Virtually all of August and the early part of September was spent training by the Battalion for up to seven hours each day. It was also a period when further reinforcements arrived in preparation for the next phase of the Battle of the Somme which was planned for mid-September.


By the 4th September Philip was in the neighbourhood of Albert with his comrades as part of the 47th Division and daily reconnoitring was taking place around High Wood which was to be the objective of the next planned assault. On the 15th September Philip fought in the Battle of Flers-Courcelette and was part of the attack and capture of High Wood on that day. The 47th Division incurred more than 4,500 casualties, a heavy price to gain the prize of High Wood. The 22nd Battalion casualties between the 15th and 20th September were: "Killed - Officers 2, O.R.s 13; Wounded – Officers 3, O.R.s 144; Missing – Officers 1, O.R.s 58."

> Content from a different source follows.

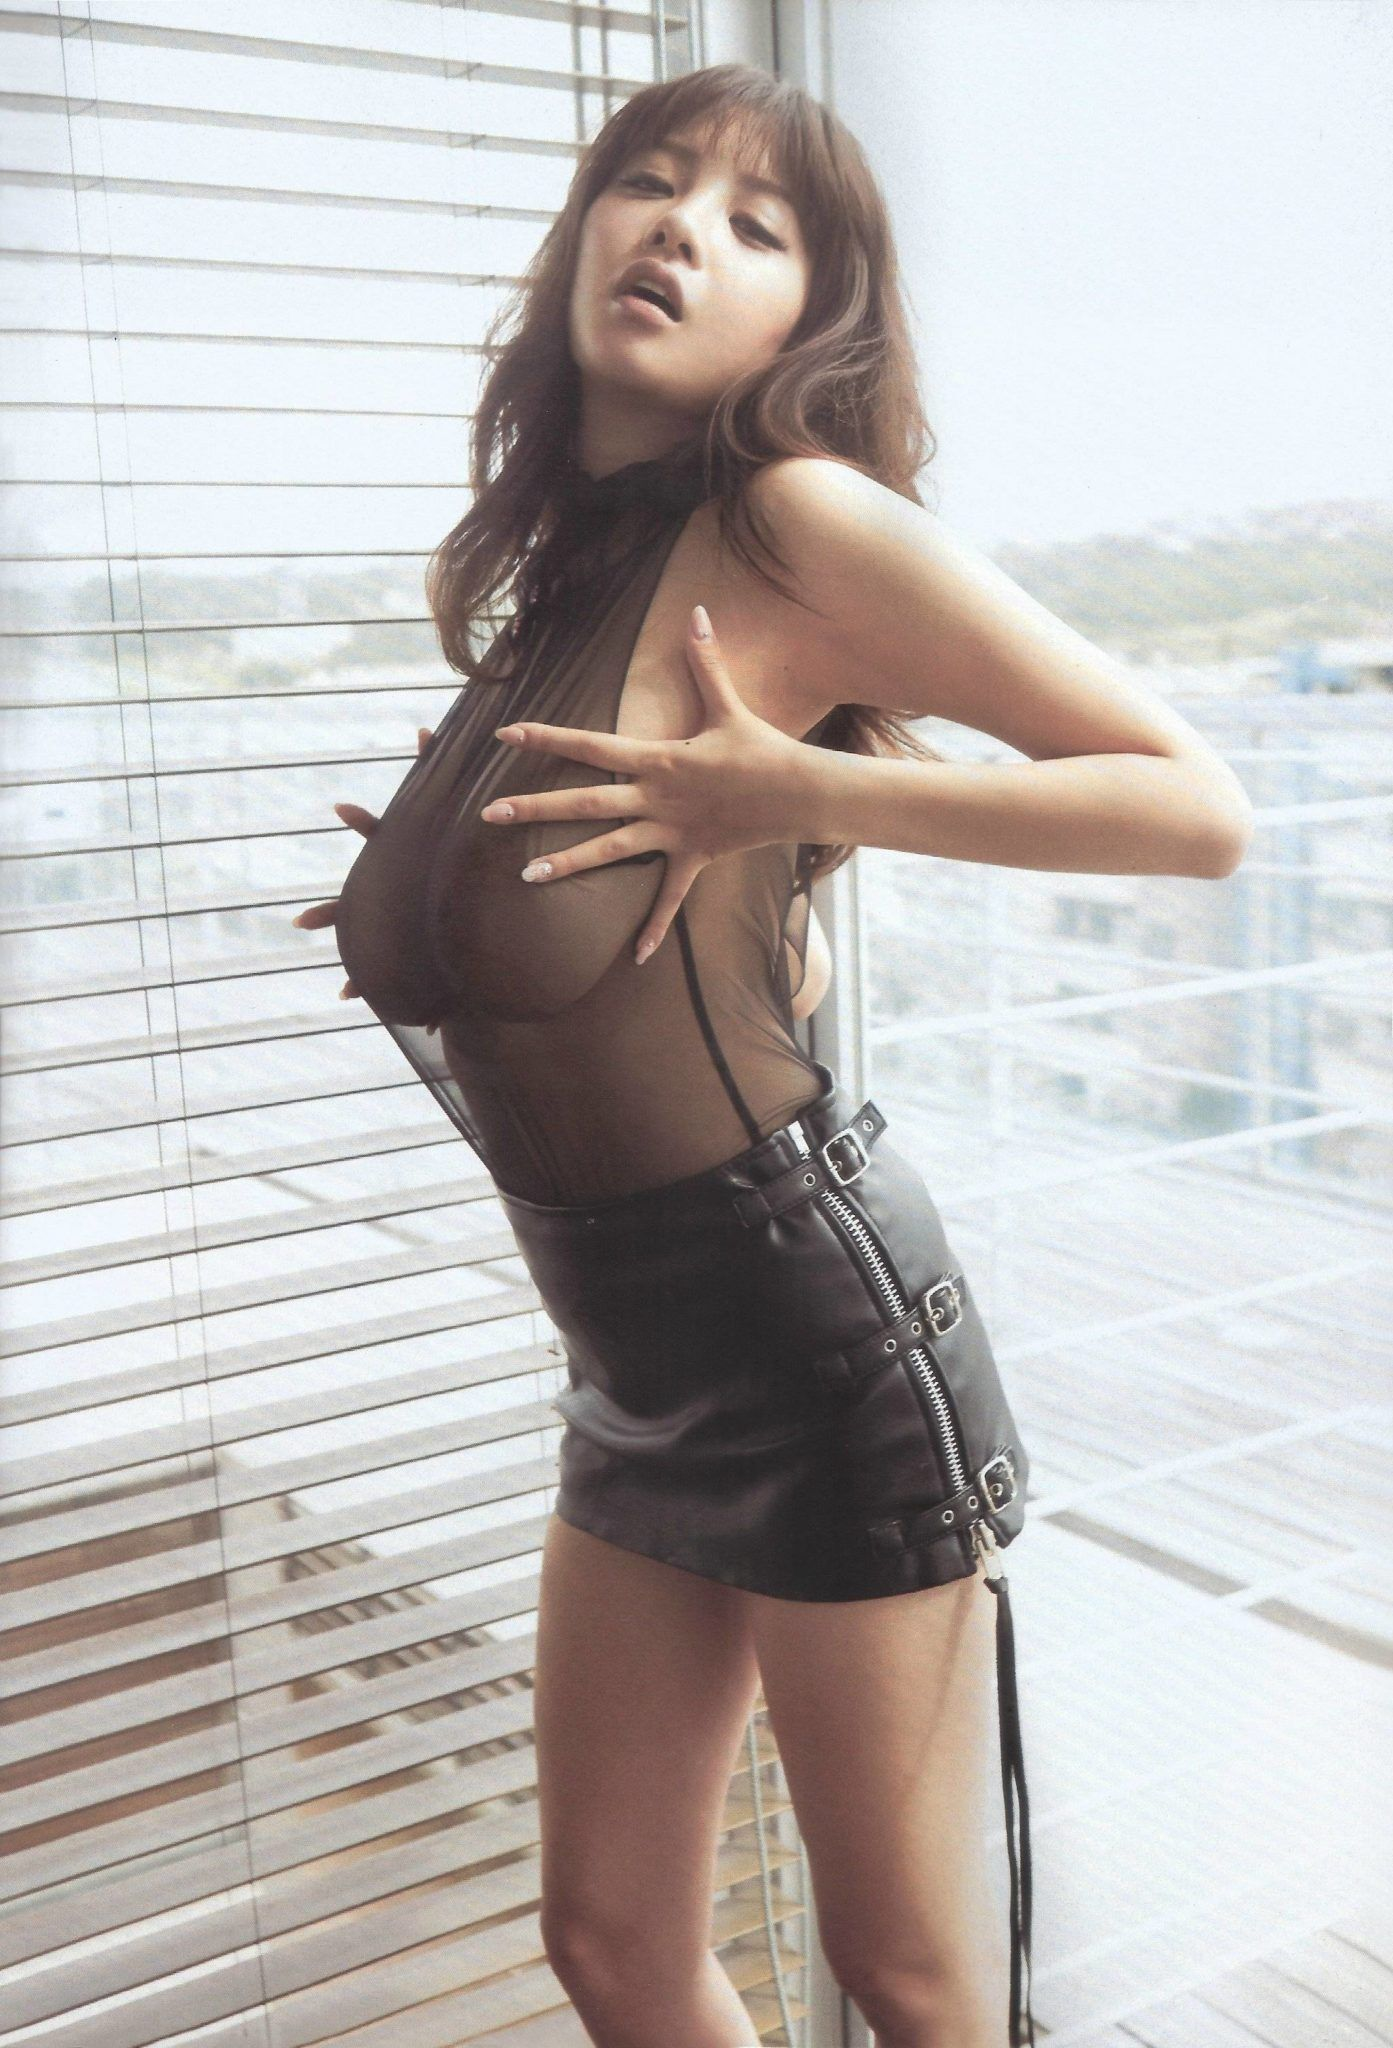 nude (75 photo), Instagram Celebrity pictures

Philip was one of the wounded and he was evacuated to the St John’s Ambulance Hospital in Etaples. This was a hospital maintained and equipped primarily at the expense of the Order of St John and it was the largest voluntary hospital serving the British Expeditionary Force during the First World War. The hospital had a staff of 241, all from the St John Ambulance Brigade, and was considered by all who knew it to be the best designed and equipped military hospital in France, caring for over 35,000 patients throughout the war. The hospital was bombed twice in May 1918 with the result that it could not continue to operate.


Philip unfortunately succumbed to his wounds at Etaples and died on Thursday, 28th September 1916.


His was remembered in a memorial service held at Marlowes Baptist Church on Sunday, 29th October 1916, along with seven other members of the congregation who had fallen.


Philip is Remembered with Honour in Etaples Military Cemetery, Somme, France where he is interred in Grave XI. C. 8. The inscription on his headstone, requested by his wife Lily, reads: “IN LOVING MEMORY OF MY BELOVED HUSBAND UNTIL THE DAY BREAKS”


He was 22 years old when he died.


Philip was entitled to the 1914-15 Star, the British War Medal and the Allied Victory Medal.